How to Clean $GOPATH

This is a short article with some useful tips I’ve gathered after quiet some time after I began to program in Go.

One of the core features of Go is the ease in which you can import libraries and use them right away in your programming. However, as a beginner, I’ve tried many libraries over the course of my first programs that were meant for the same purpose, ending up using only some of them.

This resulted in many go get commands which downloaded packages to my $GOPATH/src I don’t use and will never intend to use.

The question is, how can I know what directories are not imported in any of my projects? Luckily, when I created new Go projects, I'd first put them inside my $GOPATH and then I'd link their directory to ~/repos/ which is outside of my $GOPATH.

Besides that, when I came to realise I don’t manage my dependencies smartly at all, I began to take a look at Go modules. This has led me into pulling my Go projects outside of $GOPATH and use go.mod files in them which I initilized with:

go mod init github.com/doronbehar/myproject

Can I delete all of $GOPATH/src?

If you strictly use only Go modules and you never develop with vendor style dependencies, you can completely remove `$GOPATH/src` as all your packages will be used by default from `$GOPATH/pkg/mod`.

From here on, the rest of the cleanning process is pretty straight forward, here are the two commands I ran in order to clean both unused Go modules ($GOPATH/pkg/mod/) and Go packages in $GOPATH/src:

Gathering all used packages

find ~/repos -maxdepth 2 -name go.mod -execdir zsh -c 'go list -f "{{range \$dep := .Deps}}{{printf \"%s\n\" \$dep}}{{end}}" | xargs go list -f "{{if not .Standard}}{{.ImportPath}}{{end}}"' {} \; | sort -u | awk -F / -v OFS=/ '
{
    p = $0
    while(--NF > 1) {
        if ($0 in paths) next
    }
    print p
    paths[p]
}' | sort -u > ~/not-delete.txt

Explanation:

This command is based on what @pmcgrath examplified in his article and I shamelessly used and extended for my own cause. I used find so this command will run in every directory where go.mod is found (every project of mine) and I’ve had to use zsh to wrap @pmcgrath’s command which includes a shell pipe (|).

After I got all of the pacakges imported in all of my projects, I sorted these (sort -u) and filtered them with an awk script stolen from a StackExchange QA. It’s job is to filter directories already contained in previous directories so the list will be more concise.

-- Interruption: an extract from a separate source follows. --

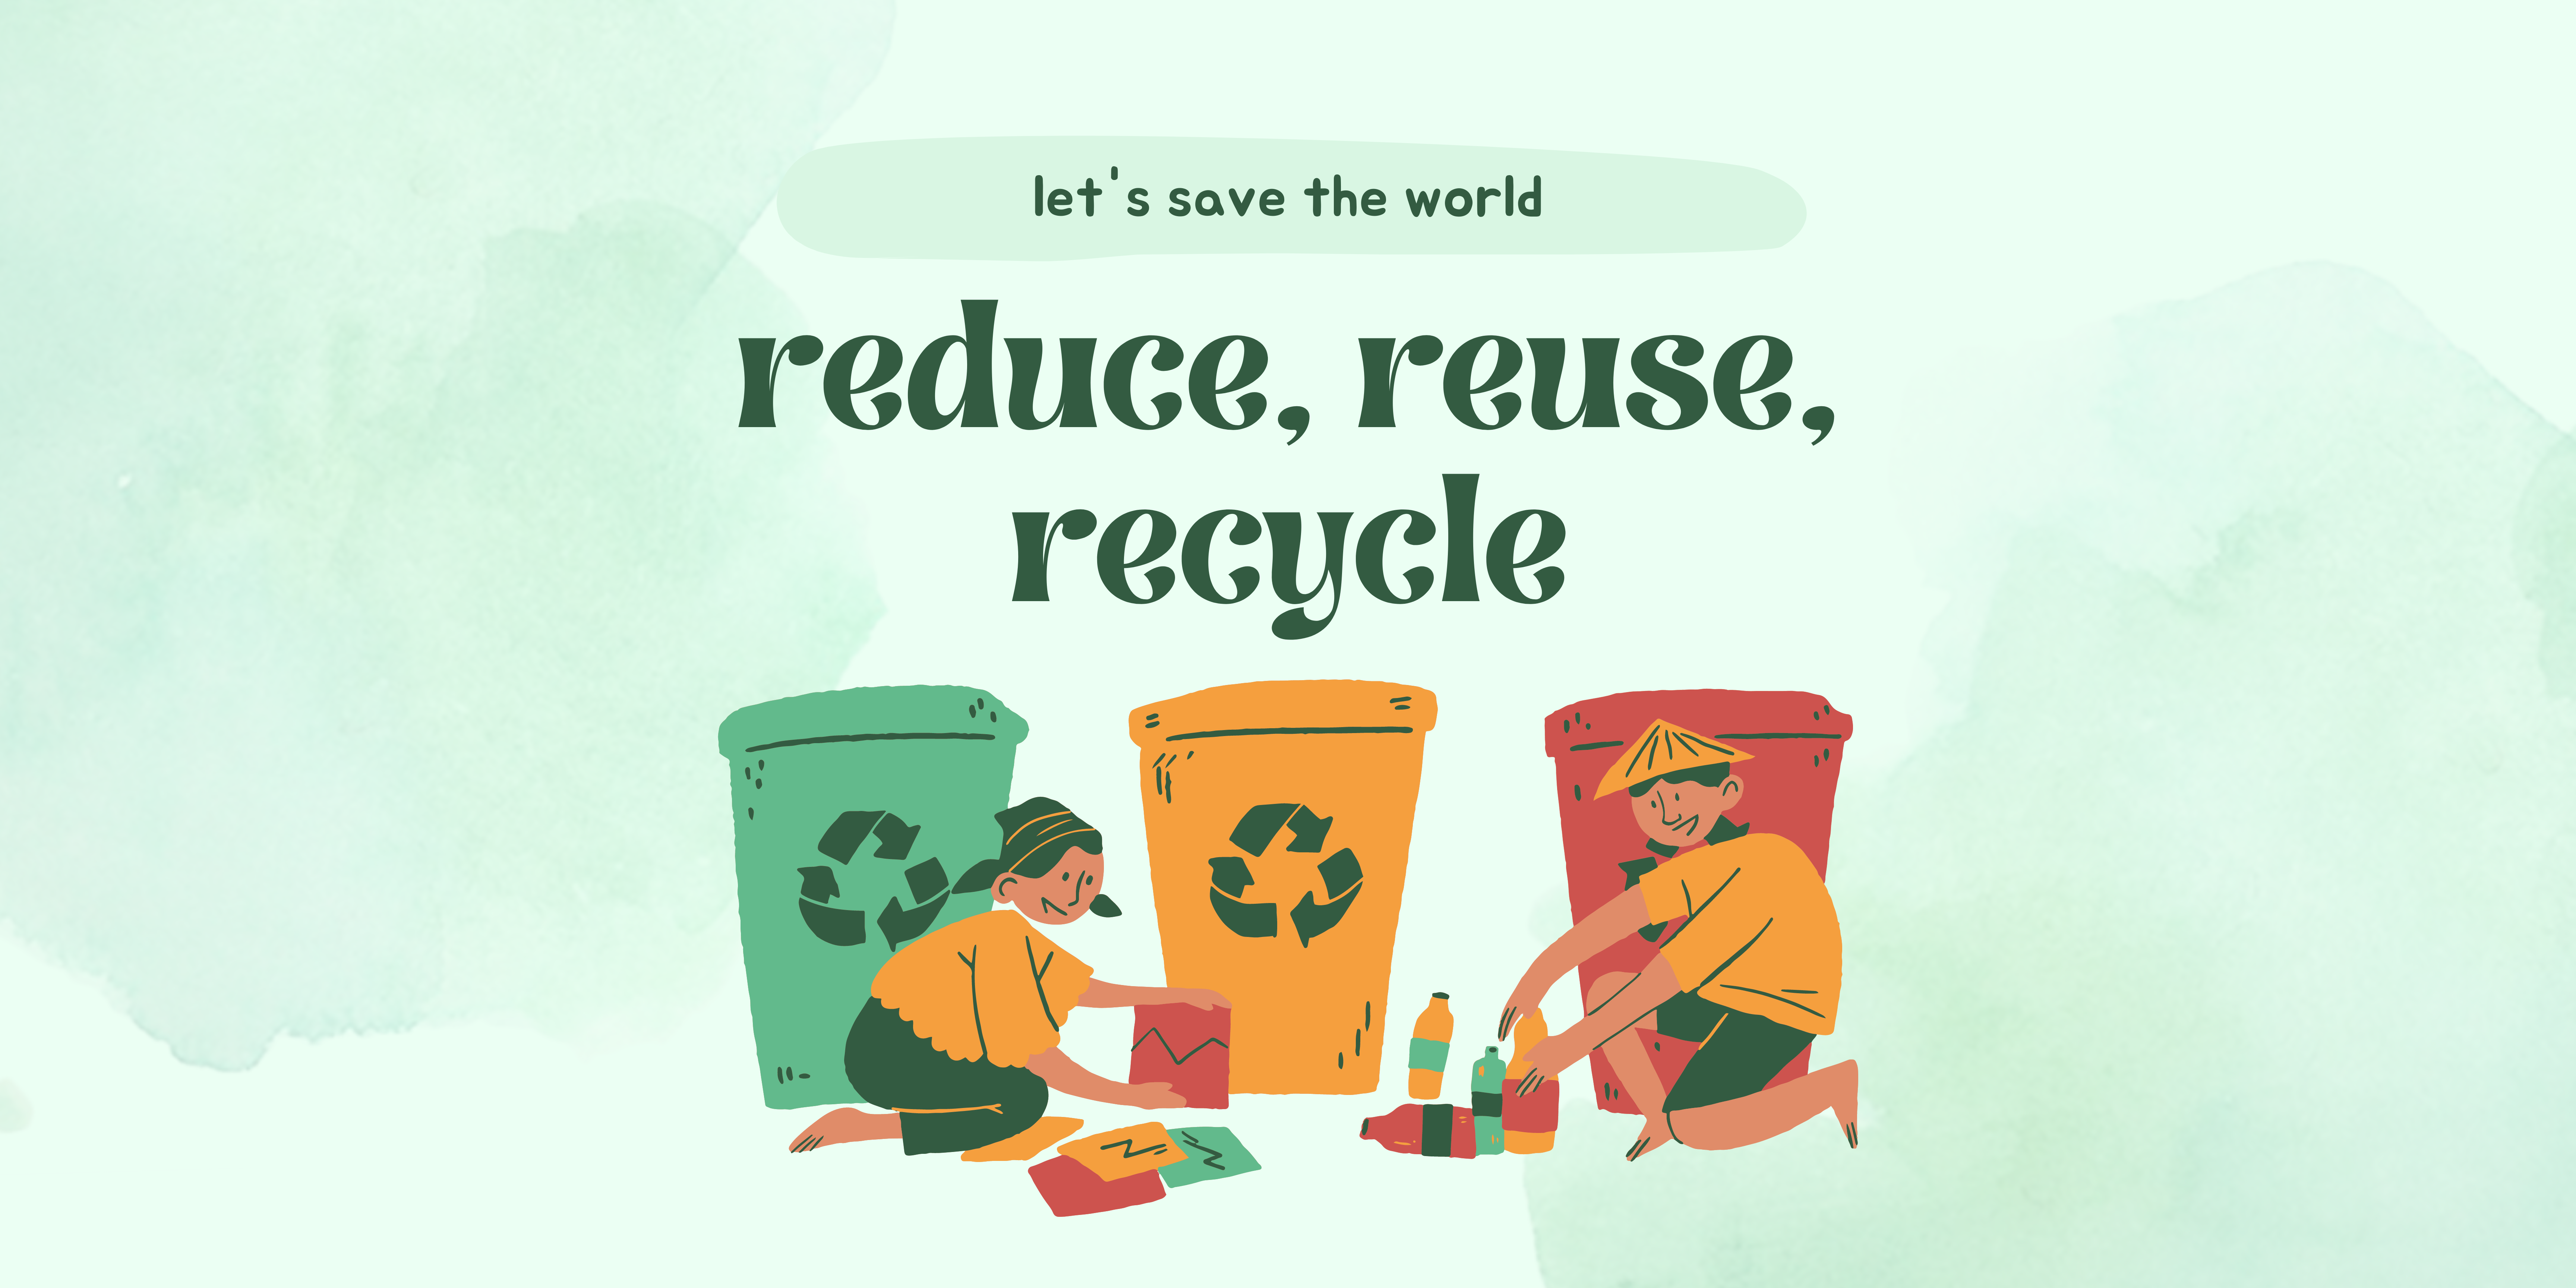 Best Way to Reduce Reuse Recycle and Save Environment
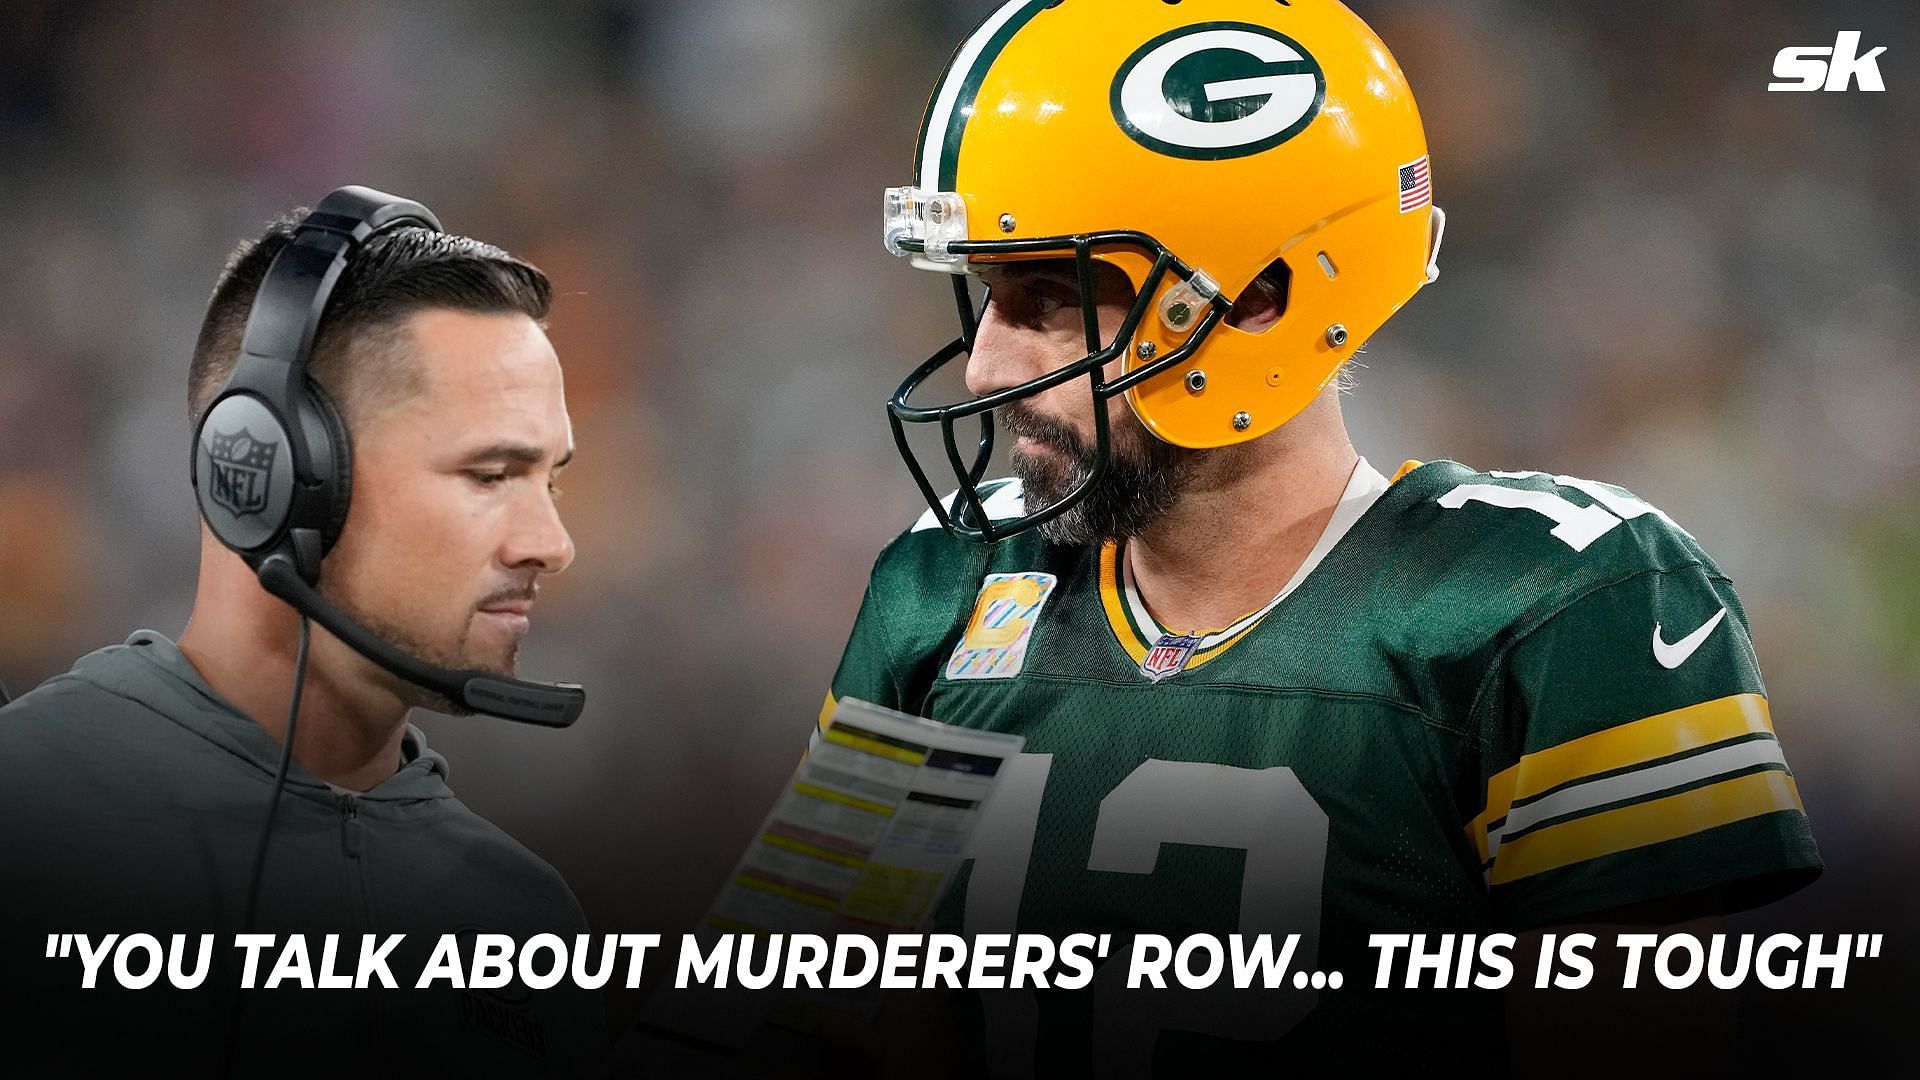 Tough times lie ahead for the Green Bay Packers and Aaron Rodgers

https://unix.stackexchange.com/a/362578/135796

Finaly, everything is sorted and filtered with only unique values (sort -u) and piped to a file ~/not-delete.txt. This file will be used in the following commands that do 2 different things:

How to know what should be deleted?

As I said before, if you strictly use Go modules in all of your projects and you never use ./vendor style dependencies, you can remove all of your $GOPATH/src. All your imports will use $GOPATH/pkg/mod/ as the base path for the packages. Never the less, I’ll show how to delete all unused modules in GOPATH/pkg/mod:

As most of the dependencies come from GitHub, We can cd to $GOPATH/pkg/mod and run the following:

find github.com -mindepth 2 -maxdepth 2 -type d -not -exec grep -q {} ~/not-delete.txt \; -print -exec rm -r {} \;

For every package from github.com, we check if it matches something in our list of packages we don’t want to delete (~/not-delete.txt) and only if it doesn’t (mind the -not flag find gets!), we remove it with rm -r

I hope this may help for anyone who reads this. It has certainly helped me to note this for my self so I could rehearse this process when I’ll feel like it’s time to clean up unused imports in $GOPATH/pkg/mod.